### Exercise instructions
Would you retype exactly the lines below, from the one containing "Community Advisory Committee (CAC) Meeting" through the end of the entries, both ends included, but not the pictures?

### Records for this task
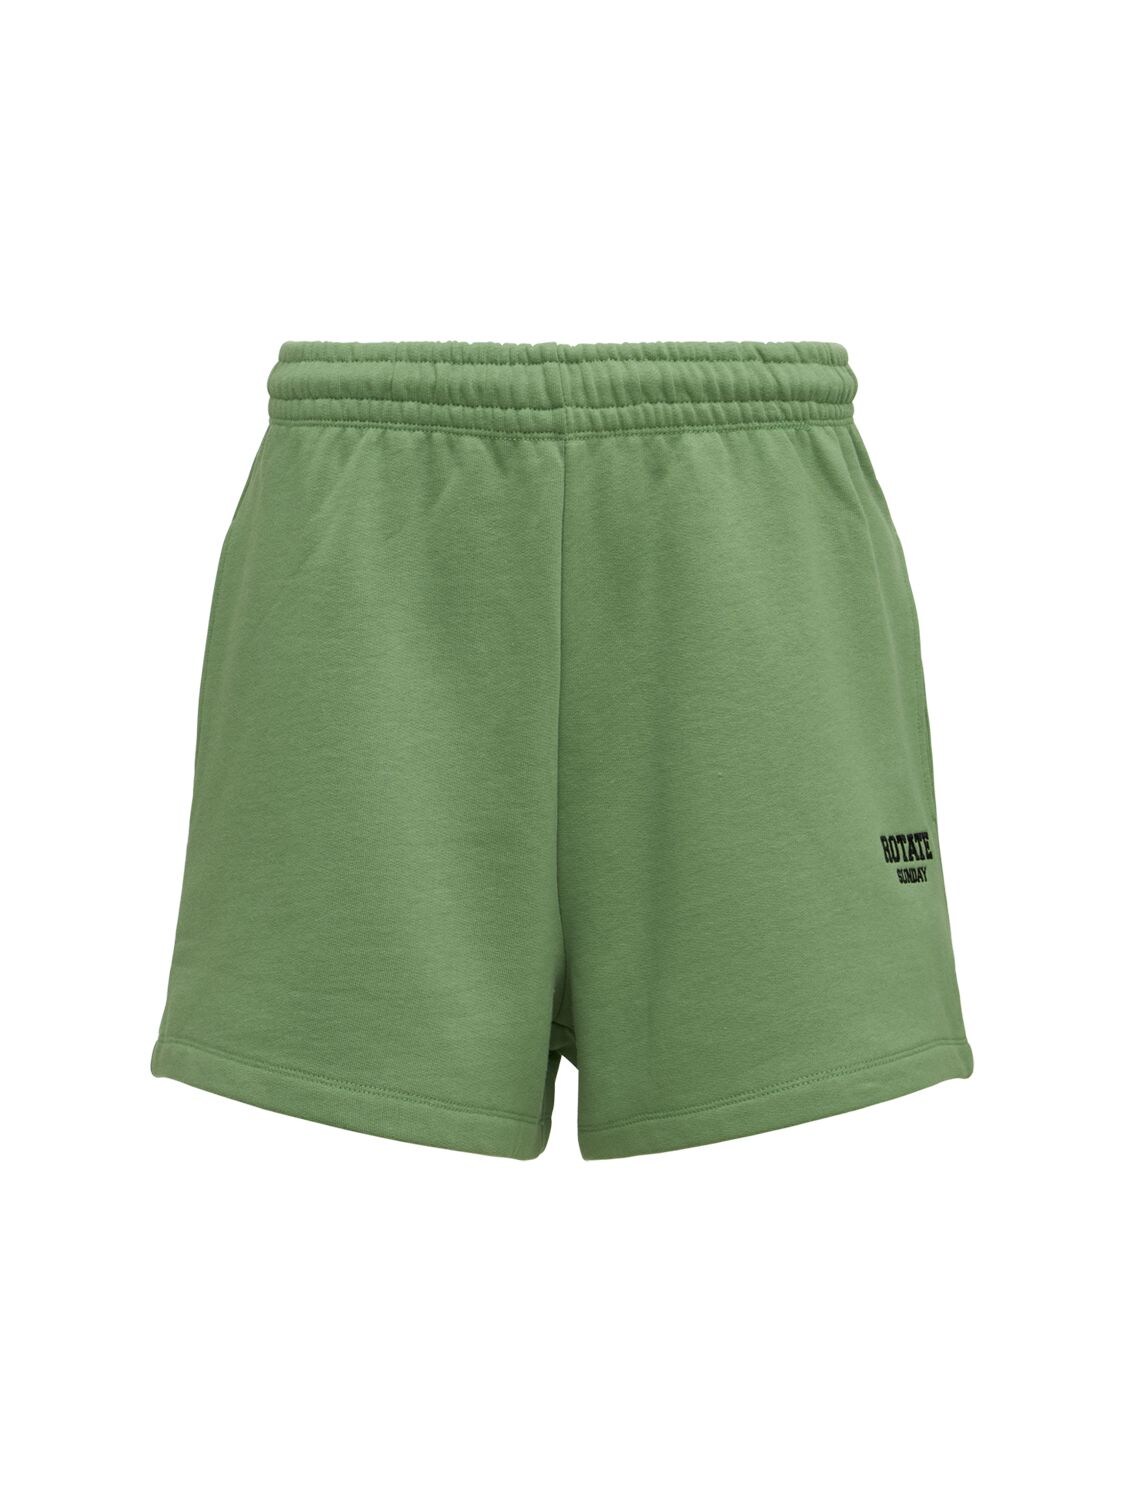 Lvr Exclusive Roda Cotton Shorts
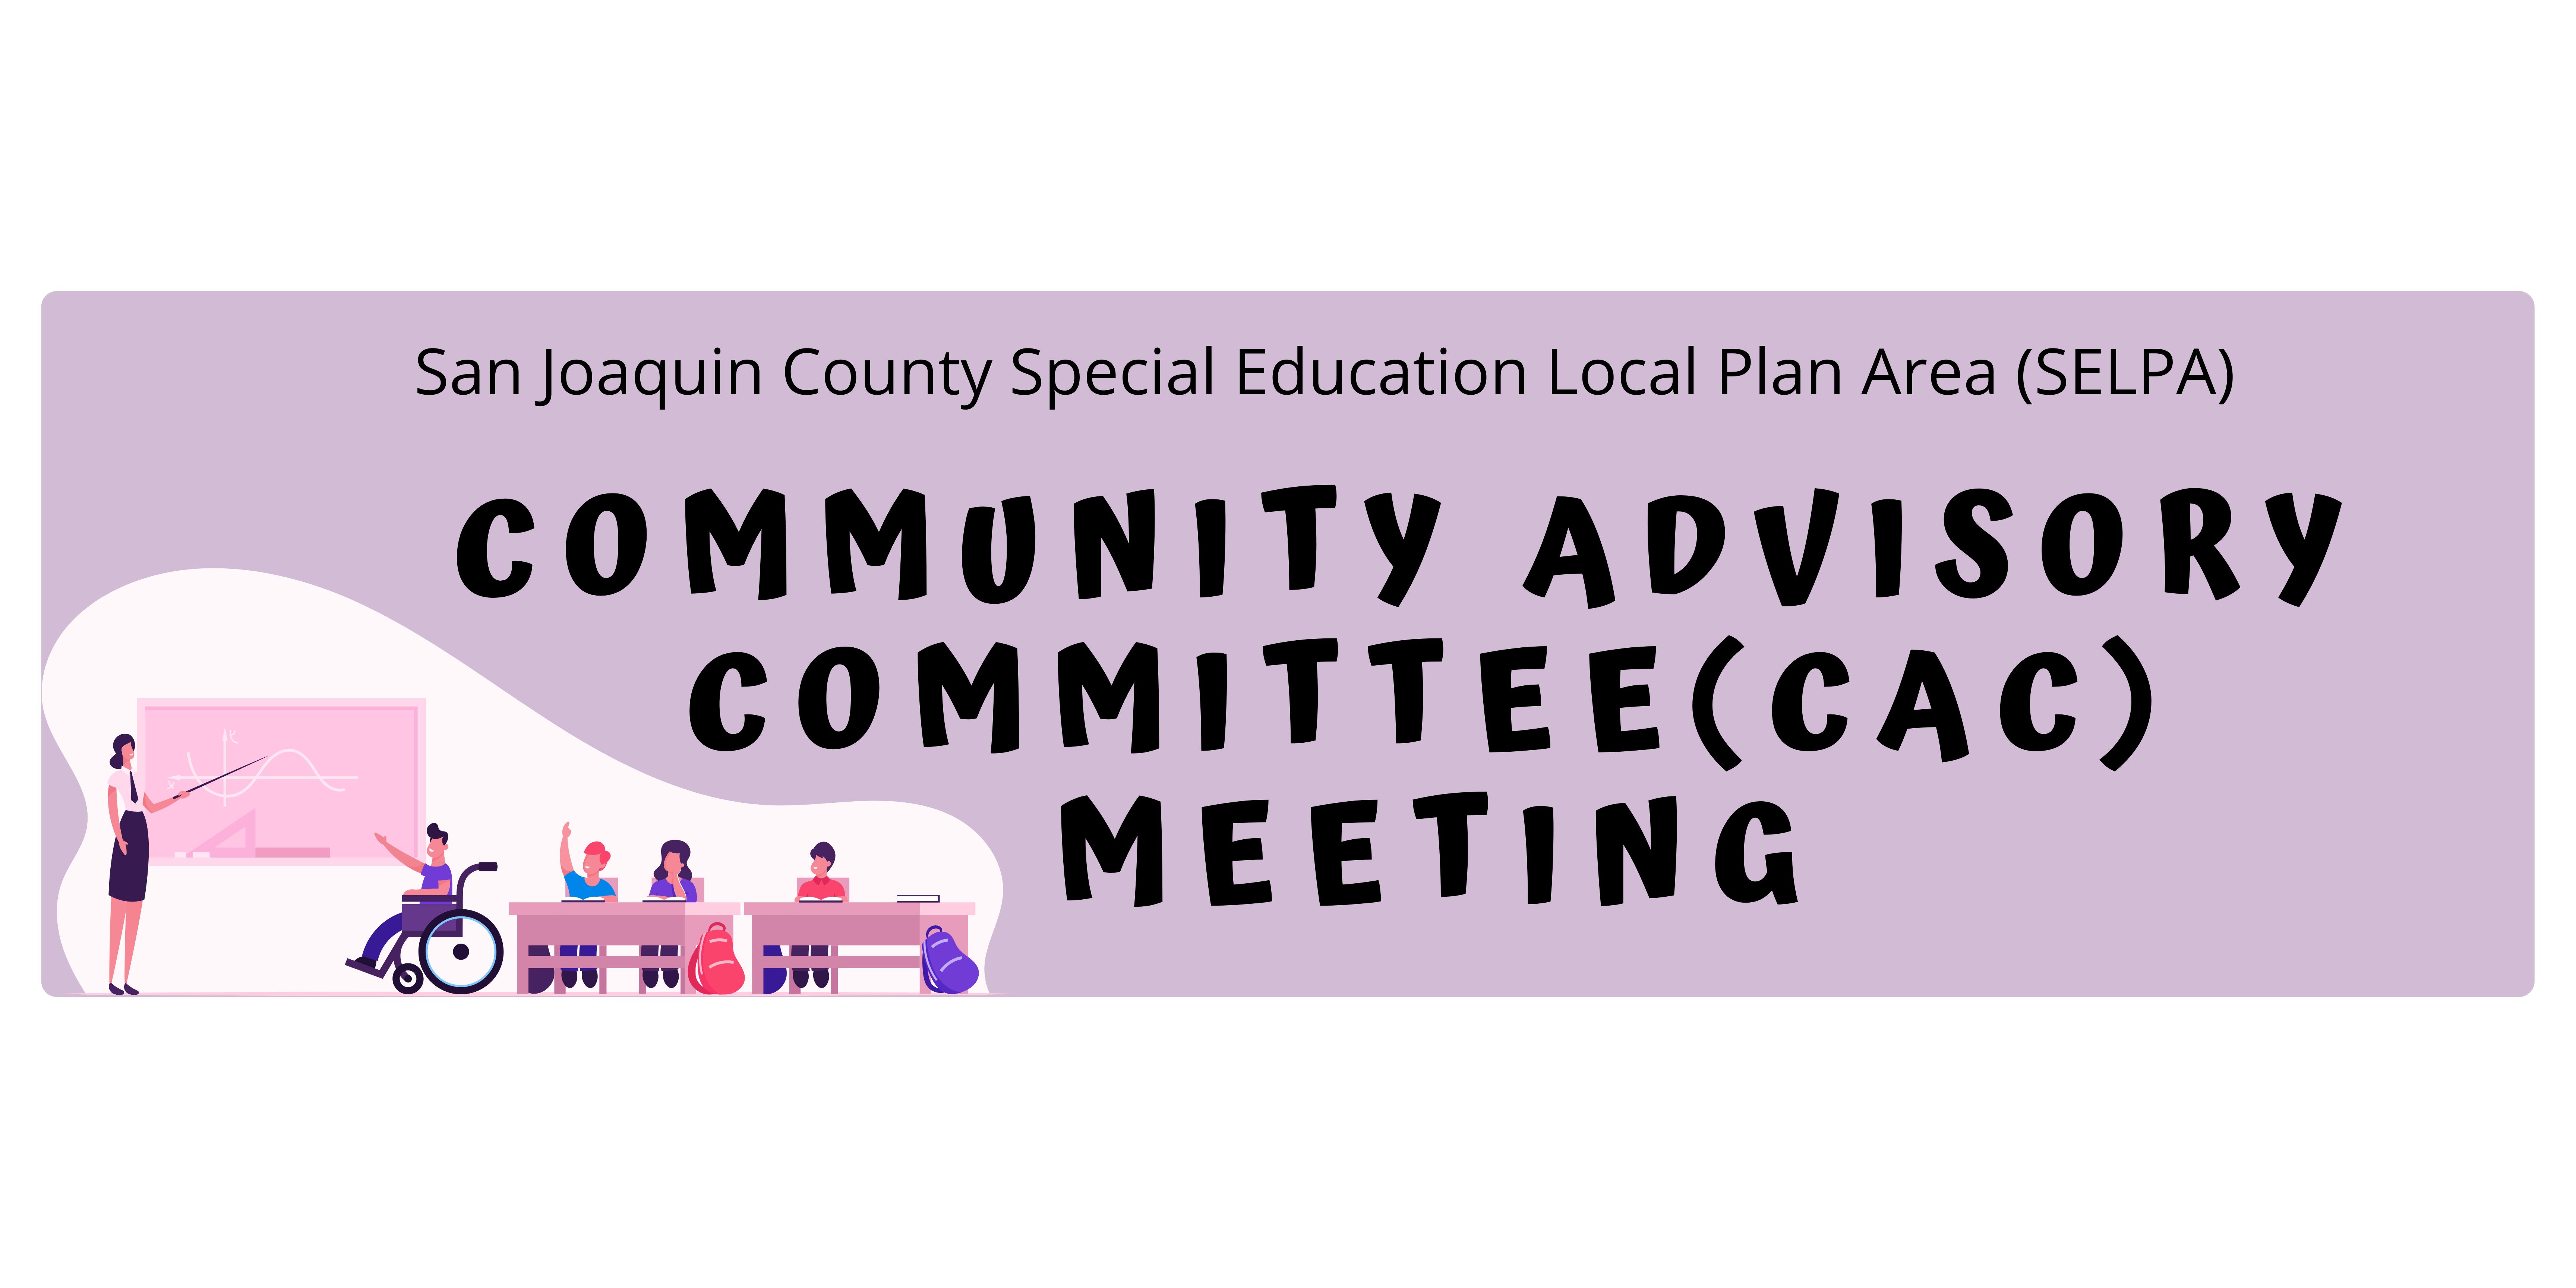 Community Advisory Committee (CAC) Meeting
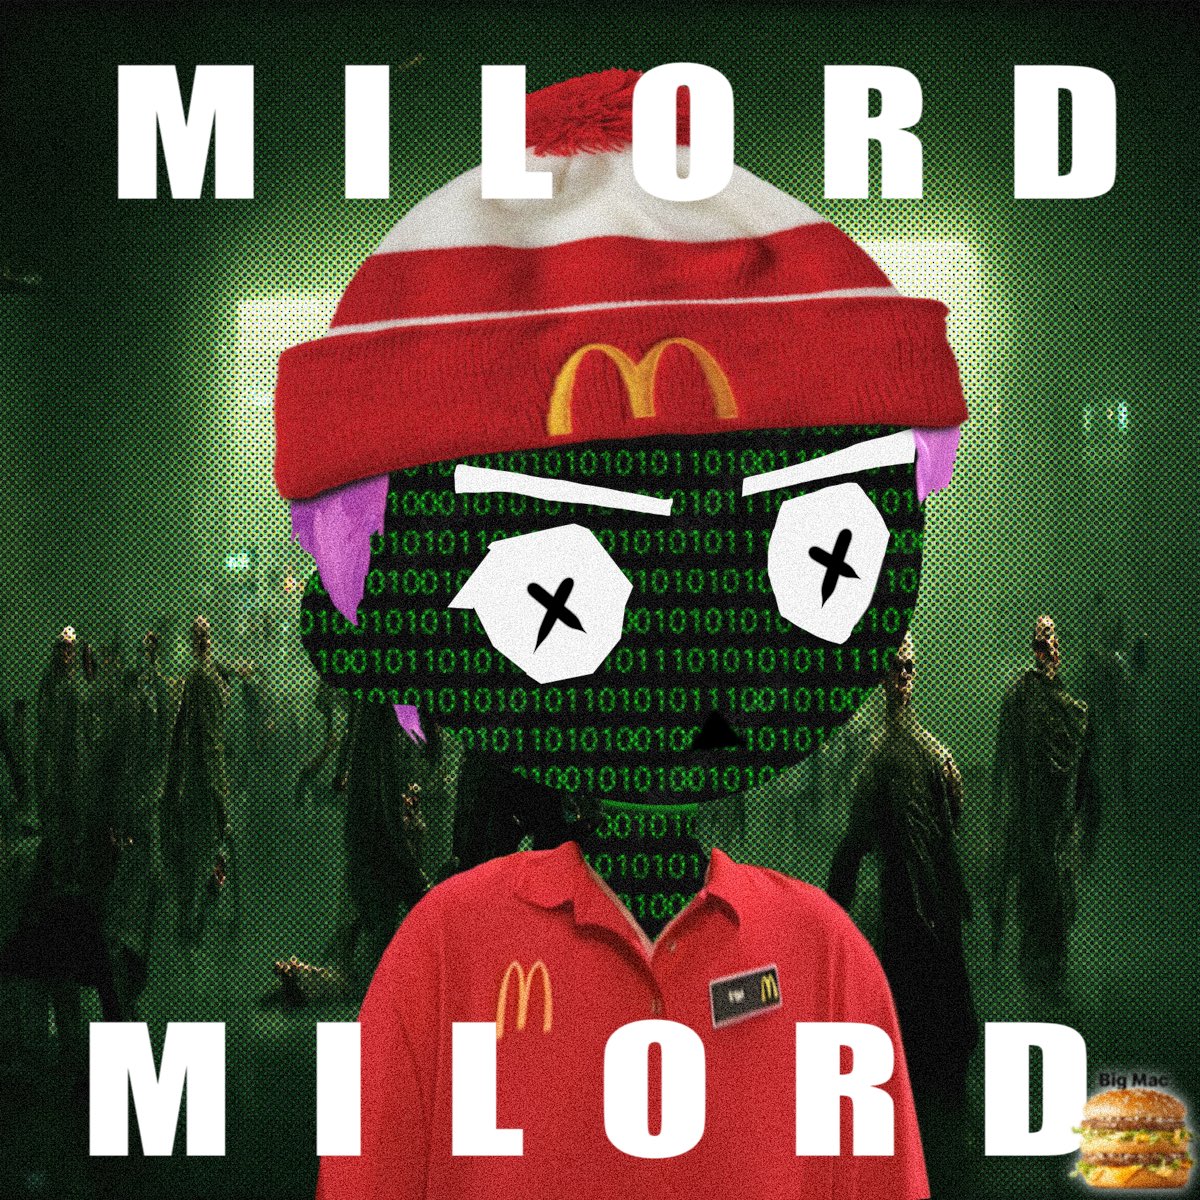 MILORD
MILORD
6M’s
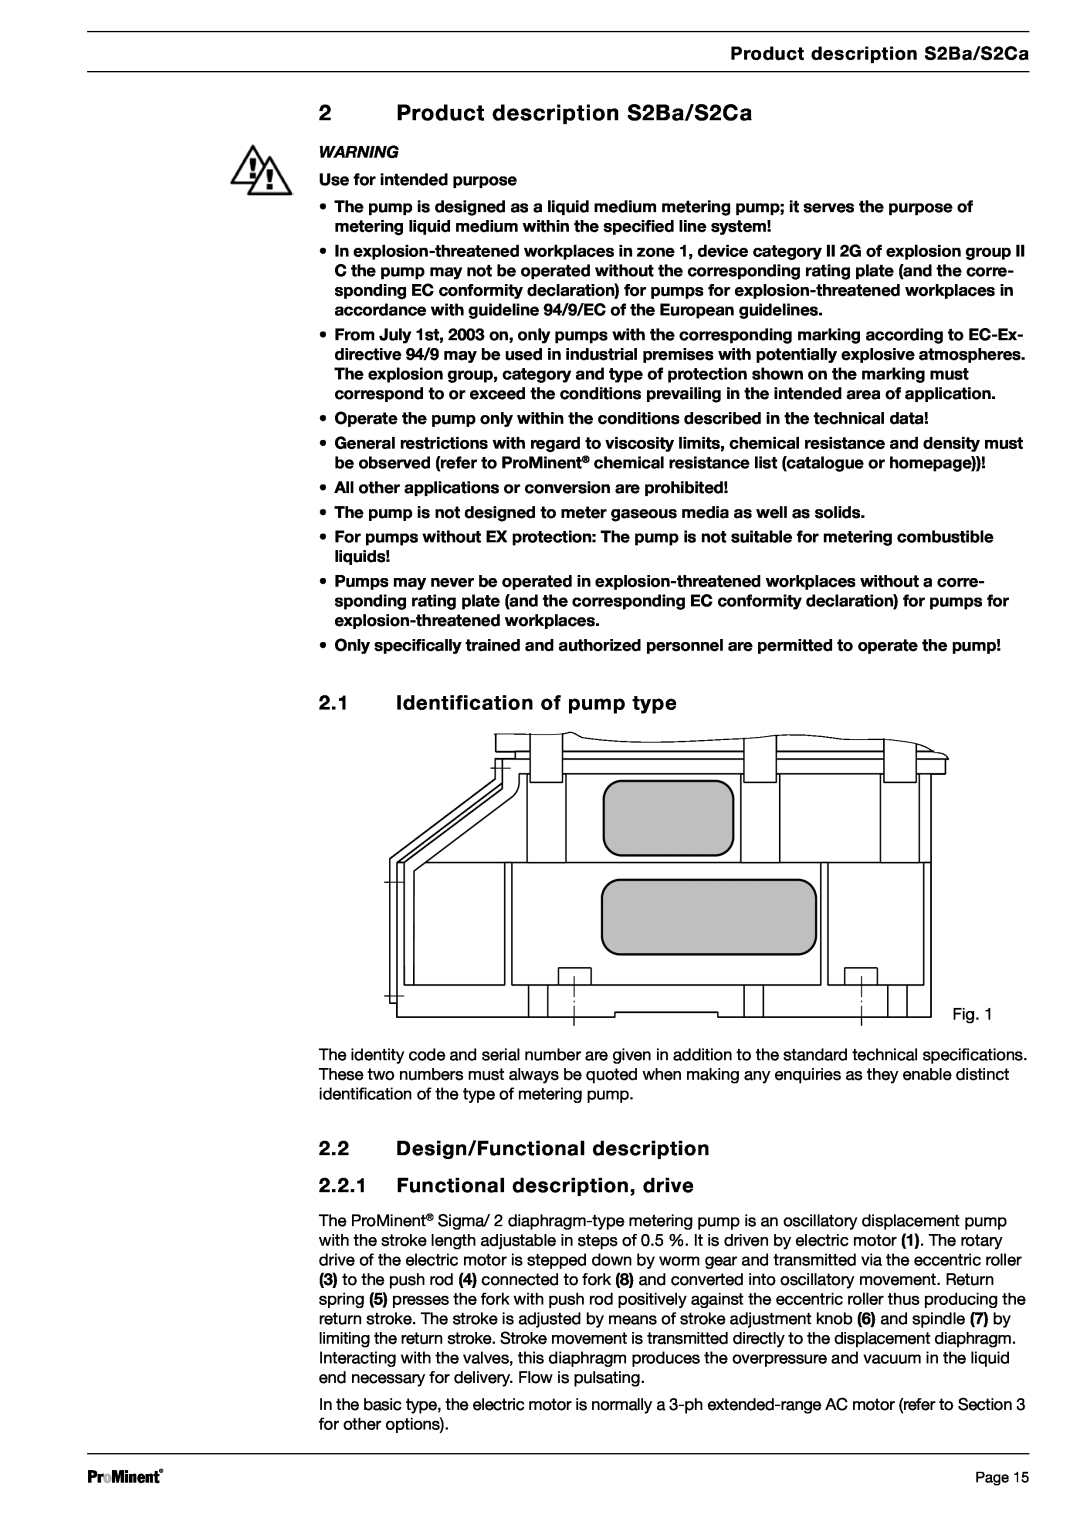 Sigma warranty 2Product description S2Ba/S2Ca, 2.1Identification of pump type, 2.2Design/Functional description

### Reply
 Community Advisory Committee (CAC) Meeting
 MILORD
MILORD
6M’s
 Sigma warranty 2Product description S2Ba/S2Ca, 2.1Identification of pump type, 2.2Design/Functional description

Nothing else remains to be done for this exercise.